Do the following to test your driver's non-blocking behavior. First, unload and then reload the driver. Next, run babble-reader with the ——nb flag. Assuming that babblebot has not generated any babbles yet, babble-reader should immediately quit, with the error message Resource temporarily unavialable. Third, echo a string to /dev/babbler. Run babble-reader ——nb again. This time, babble-reader should display the echoed string and again display the same Resource temporarily unavailable error message.

Part 5: Integrate with BabbleBot

The final task is to add interrupt handling. Read the code drivers/platform/x86/babblebot.c. The BabbleBot, when enabled, waits randomly before generating interrupts. It is your driver's responsibility to catch those interrupts and copy the babble that was generated by the bot. Those babbles are then sent to all readers, just as if a user had written to /dev/babble.

In babbler_init(), install a threaded interrupt handler against BABBLE_IRQ. Remove that handler in babbler_exit().

The top-half of your interrupt handler does two things: calls babblebot_disable() and then returns the value indicating that the bottom-half should run.

The bottom-half copies the babble from BabbleBot into the internal buffer, via a combination of babblebot_read() and babblebot_size() calls.

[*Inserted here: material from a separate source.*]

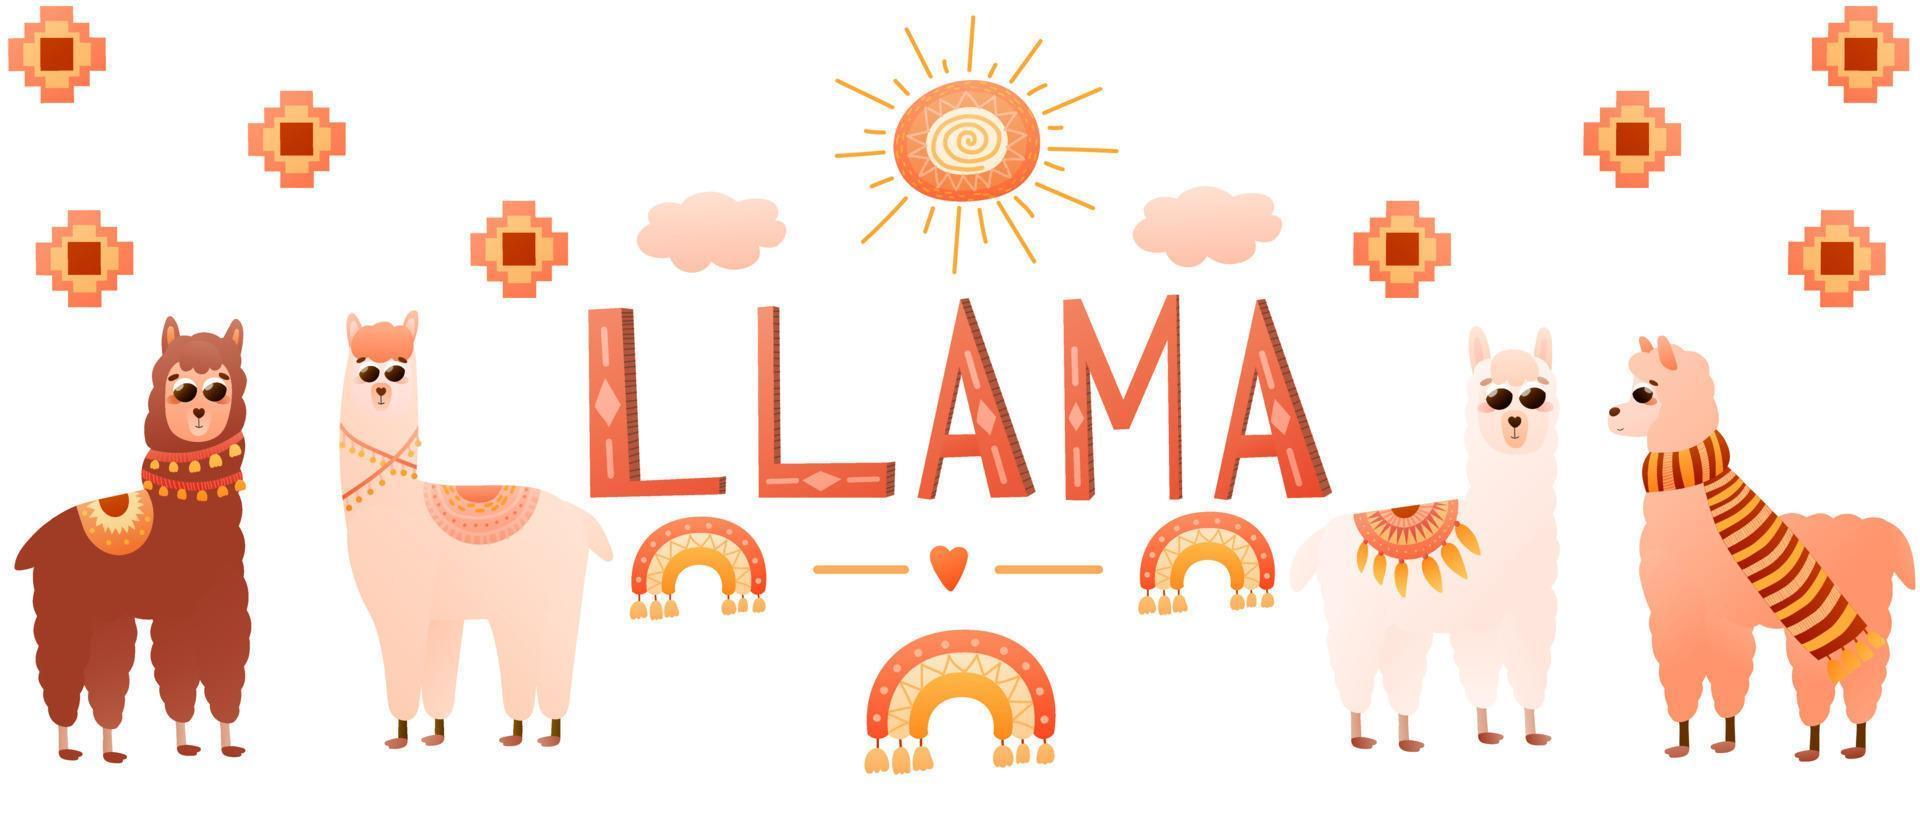 banner web de alpacas con personajes animales de estilo de dibujos animados elementos de llama y perú, diseño de afiches coloridos con adornos tribales en estilo escandinavo vector

Just like babbler_write(), call complete_all() to awaken all readers. Finally, it reenables the bot by calling babblebot_enable(). Again, this bottom half must correctly use the spinlock to guard shared resources.

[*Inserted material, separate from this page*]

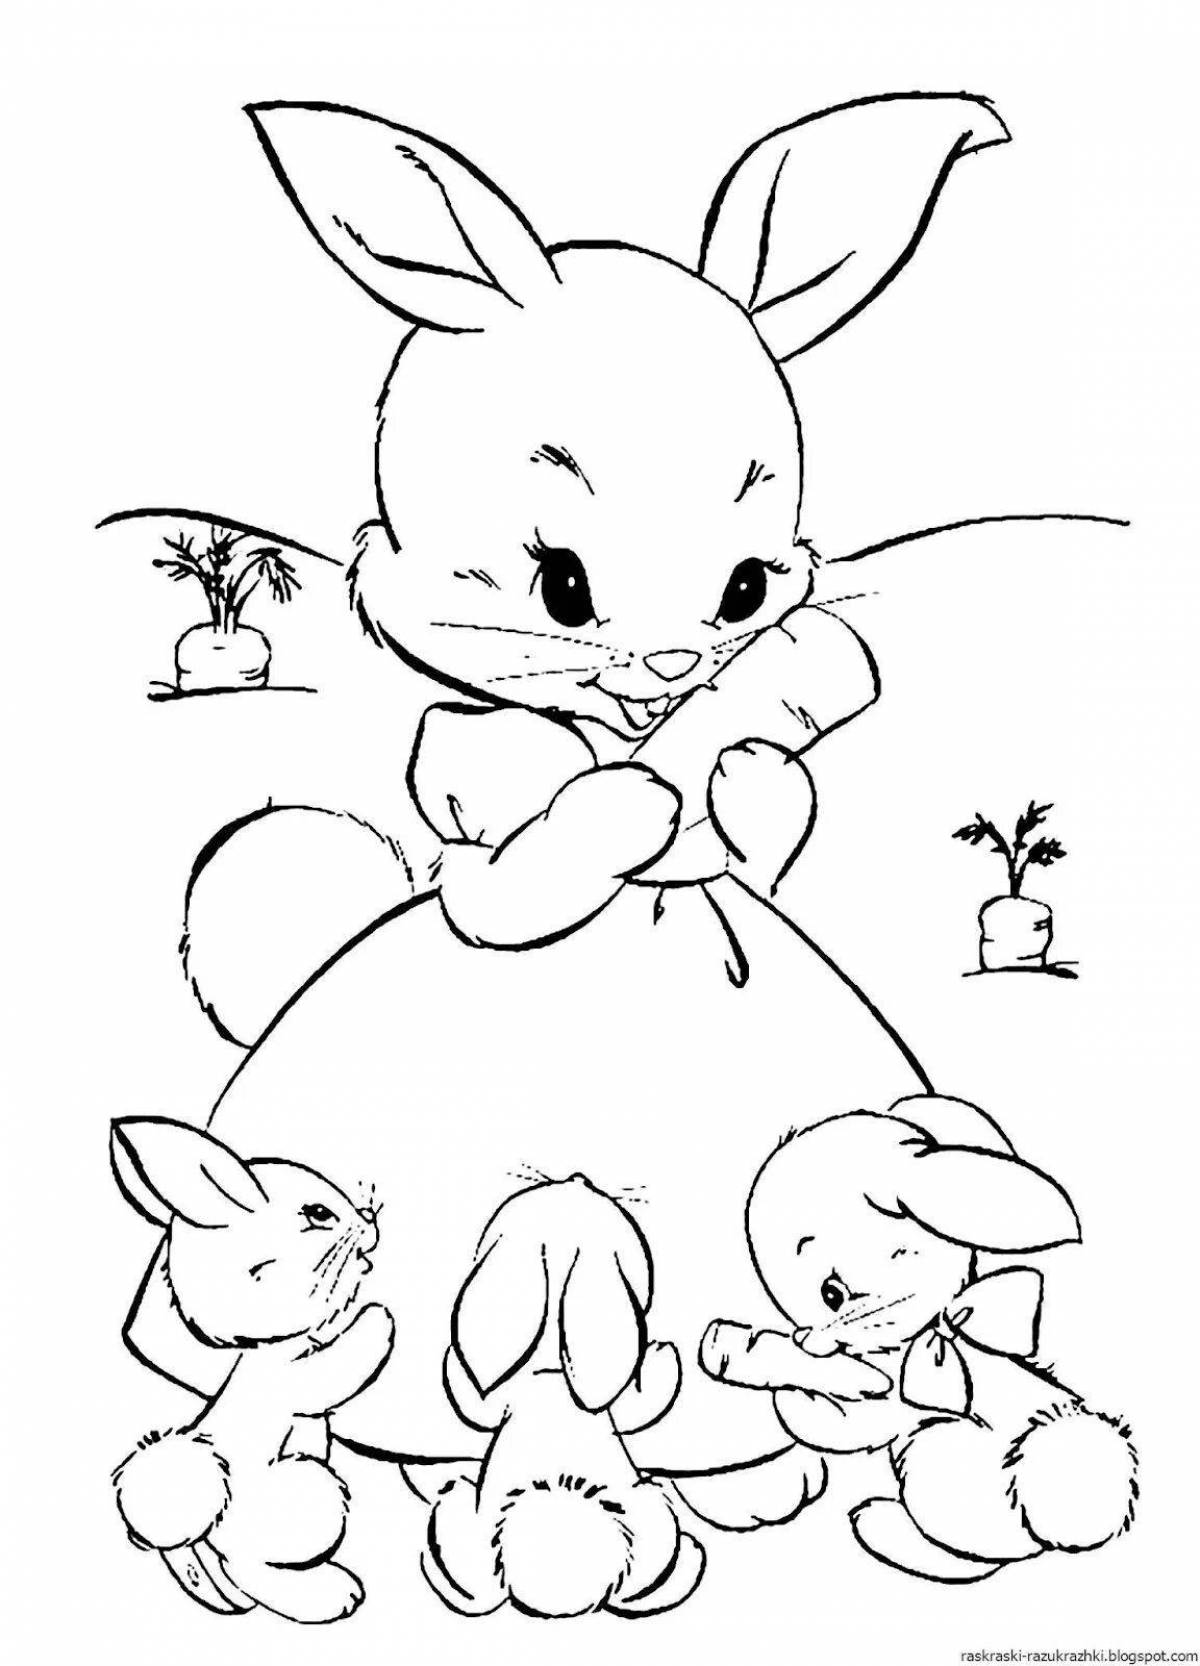 Юмористическая раскраска человек-кролик

Once you are confident your ISR works, add babblebot_enable() to babbler_init() (and likewise disable the bot in babbler_exit()). Install your module. Run the following command in a terminal to show all interrupts:

while /bin/true; do grep 6: /proc/interrupts; sleep 1; done

The interrupt count should increment within 10 seconds. Run multiple copies of babble-reader; those readers should now display babbles from BabbleBot.

Other Hints and Notes

• Ask plenty of questions on Blackboard.
• Set the device's mode to 0666, via the struct miscdevice's .mode field.
• The internal babble buffer holds up to BABBLE_MAX_SIZE characters read from the user, not including any trailing \0.
• Consider which resource(s) are shared data. Use appropriate spinlocks to prevent race conditions.
• Make sure all resources are released in all error paths. This includes unlocking spinlocks, freeing the IRQ, and deregistering the miscellaneous device.
• Within babbler_read(), be sure that to release the spinlock while waiting for the completion variable.
• Make sure you indent your code one last time prior to submission.

Extra Credit

You may earn an additional 20% credit for this assignment by augmenting your babble handling. Whenever a babble is received, either via babbler_write() or from BabbleBot, record the current hour, minute, and second. Modify babbler_read() to return the timestamp, expressed as colon separated two digits, in addition to the babble. For example, this would result in the following babbles:

20:19:07 To be or not to be -- that is the #question:
20:19:12 The #slingsandarrows of #outrageousfortune
20:19:20 And by opposing end them.